Pullman dashed into the kitchen, the bat held high. Then back to the living room, and back again through the kitchen to the dining room. There was no one, and no place for anyone to hide.
With a sudden tremor of terror, he realized that the intruder might easily have crept up the stairs while he was in the foyer, wasting his time with the door. That had been as much as ten minutes ago.
He nearly screamed when, on his way to the staircase, the loose floorboard creaked beneath his weight.
Pullman opened the girls’ door.
“Thank God,” he whispered.
Ananda was awake. She said nothing and made no movement, just lay there peering up at him out of one moist eye.
He pressed a finger to his lips anyway. Then he rested the bat against one shoulder, crossed the room in three silent strides, and flung open the closet door with his free hand. There was no one there.

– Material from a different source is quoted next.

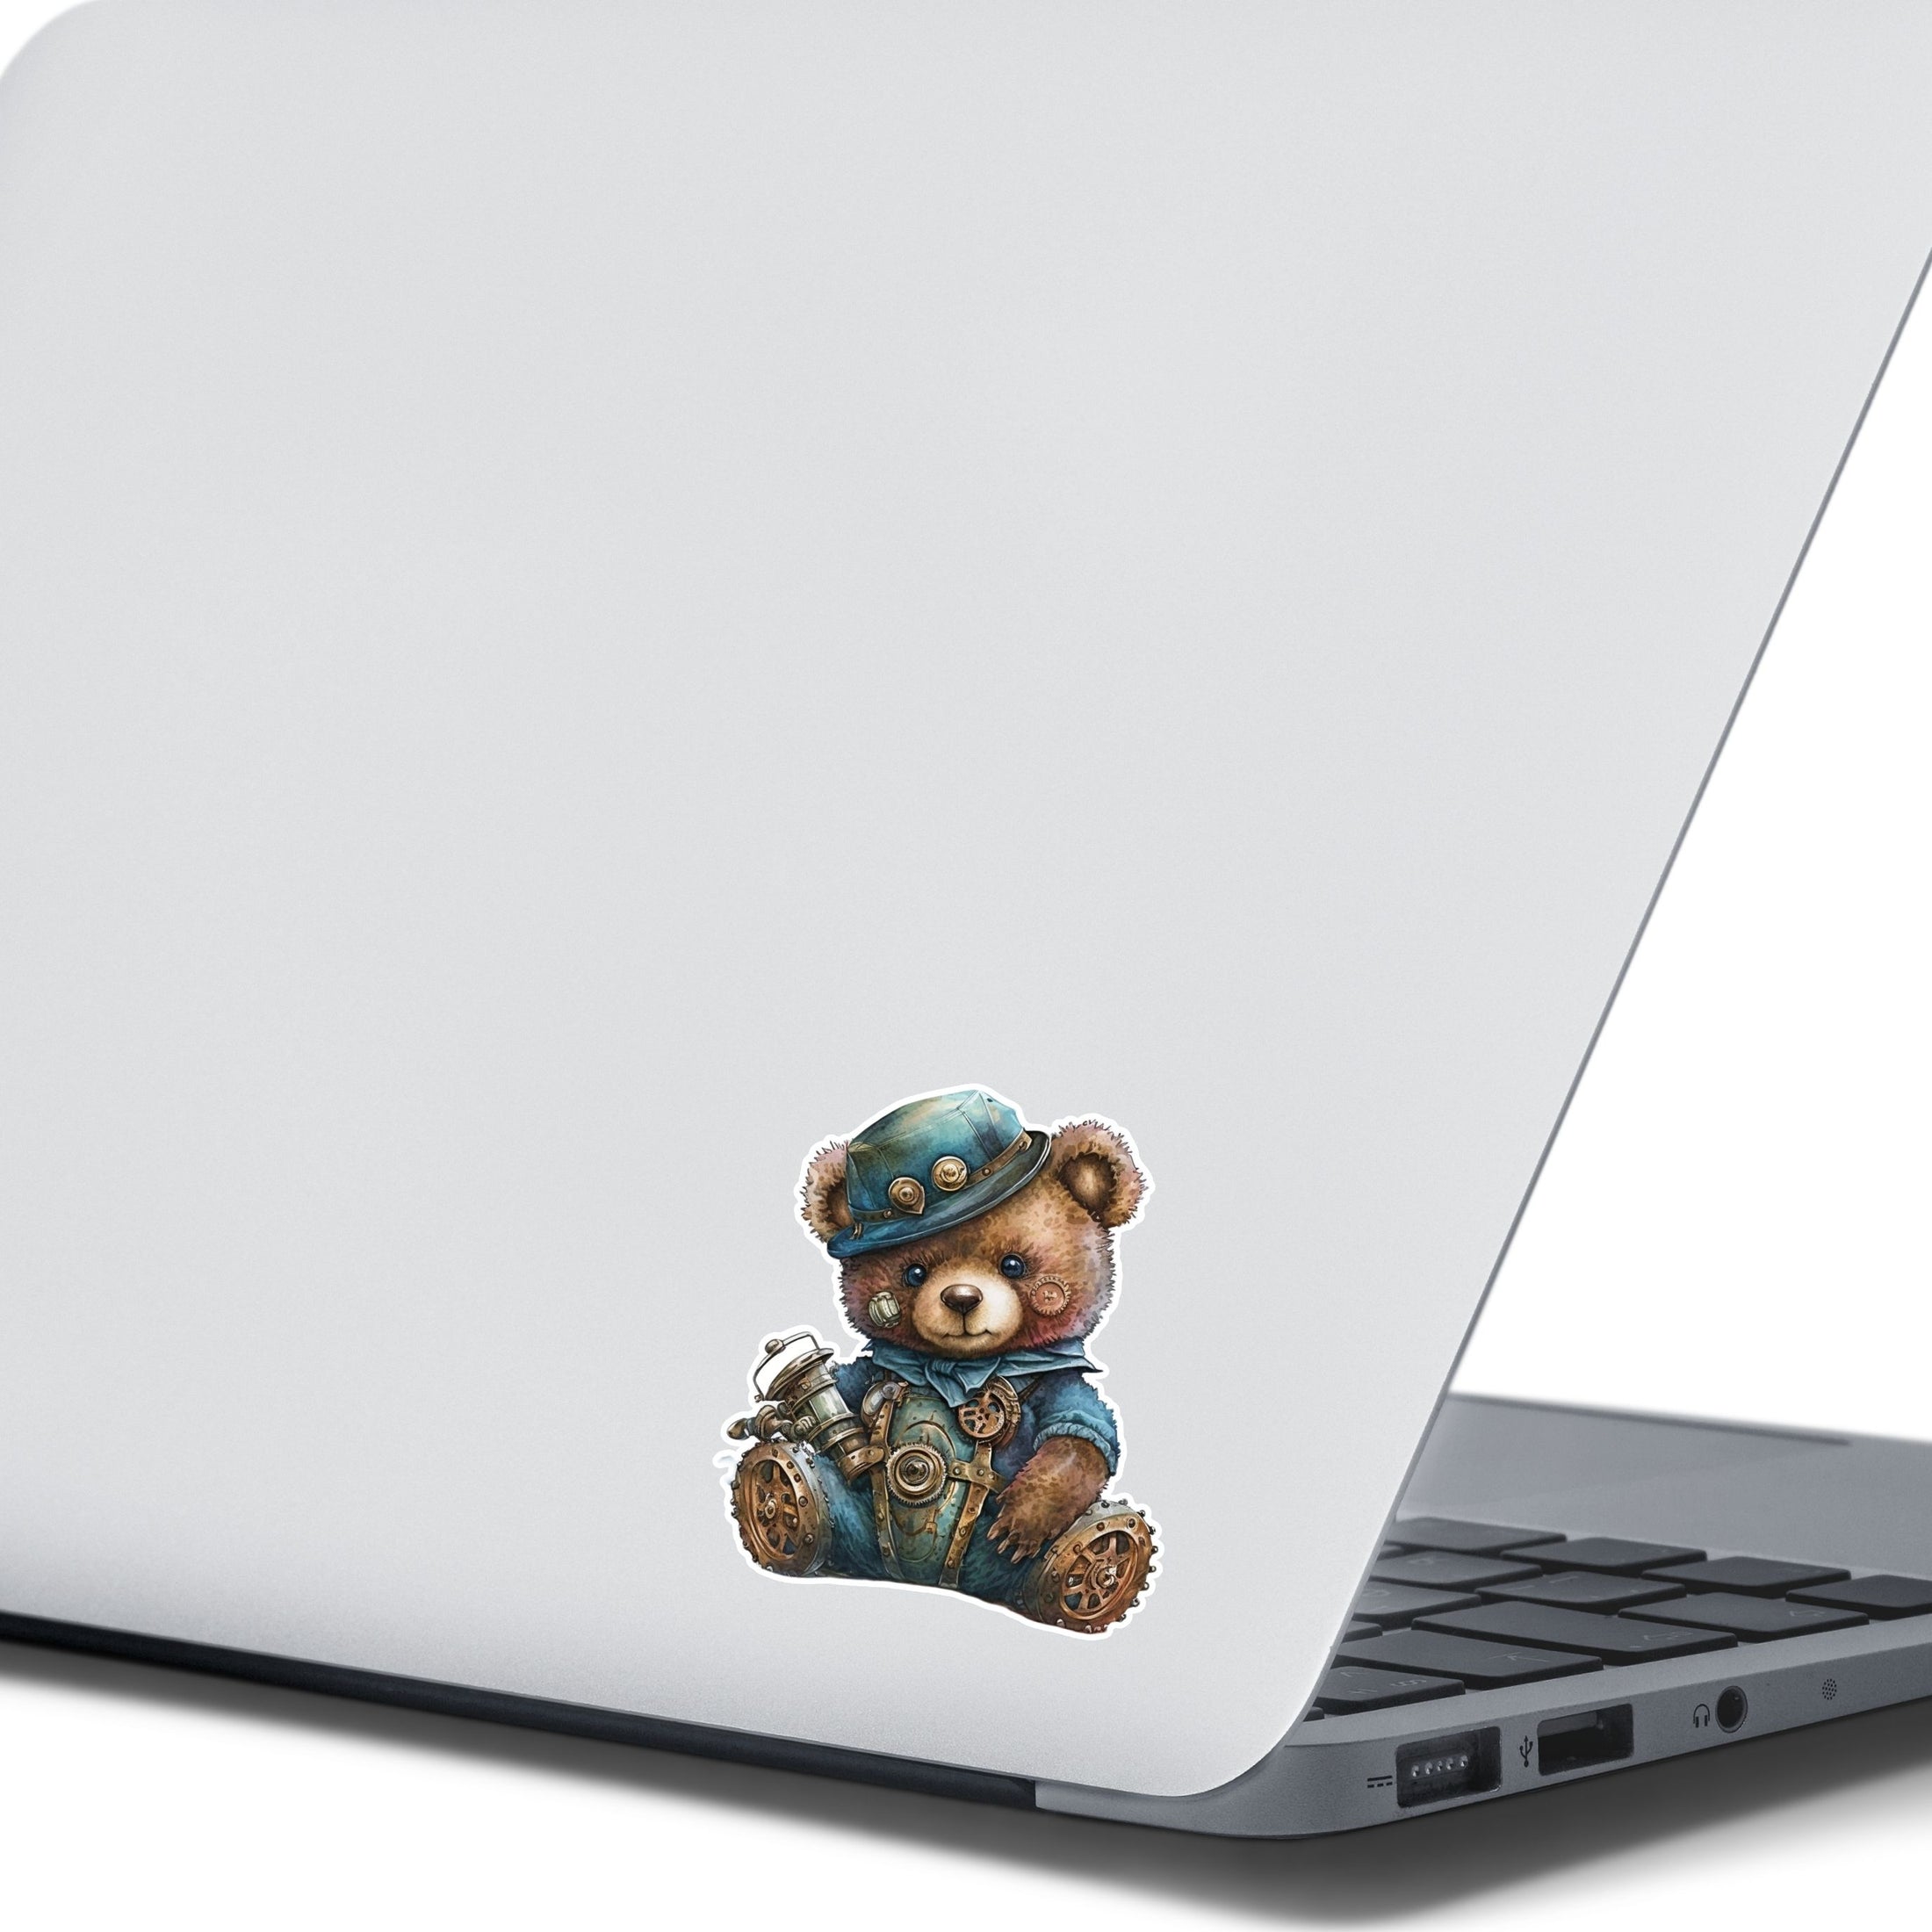 This image shows the steampunk teddy sticker on the back of an open laptop.

He crouched down next to his daughter’s bed. She was sitting up now, wide awake. Her sister murmured and tossed once but continued to sleep.
Pullman placed a reassuring but monitory hand on Ananda’s knee and whispered, “Somebody is in our house. They came in and then they came upstairs and now they’re hiding in Mom and Dad’s room. Dad’s going to protect you, though. Dad’s going to protect you and Mom and your sister from the intruder. You just stay here and look after Maya, okay? Don’t either of you leave this room, understand? Not even if you have to pee. And whatever happens, don’t go into Mom and Dad’s room. Just sit tight. Soon it will be morning and everything will be back to normal. We’ll make crepes for breakfast. Okay?”
He patted her knee, then got to his feet. At the door he looked back at the terrified girl and whispered, “Crepes and whip cream. But only if you and Maya are good girls. Only if you both stay put. Because if I catch either of you out there ...”
He shook the baseball bat, then slipped out of the room.
The intruder was here, in his bedroom.
They were hiding. They had heard Pullman coming and had hidden.
They must have panicked. Pullman could see exactly where the intruder was hiding as soon as he entered the room. The intruder, however, could not see him.
He stepped forward, the bat clutched tightly in both hands.
Claire, thankfully, was still asleep.
Silently he approached the bed. His thudding heart caused the entire room, the entire house, the entire neighborhood to shake.
With one quivering arm he raised his weapon above his head. Then he reached out, tossed aside the bedsheets, and with a scream brought the bat down with all his strength onto the intruder’s startled face.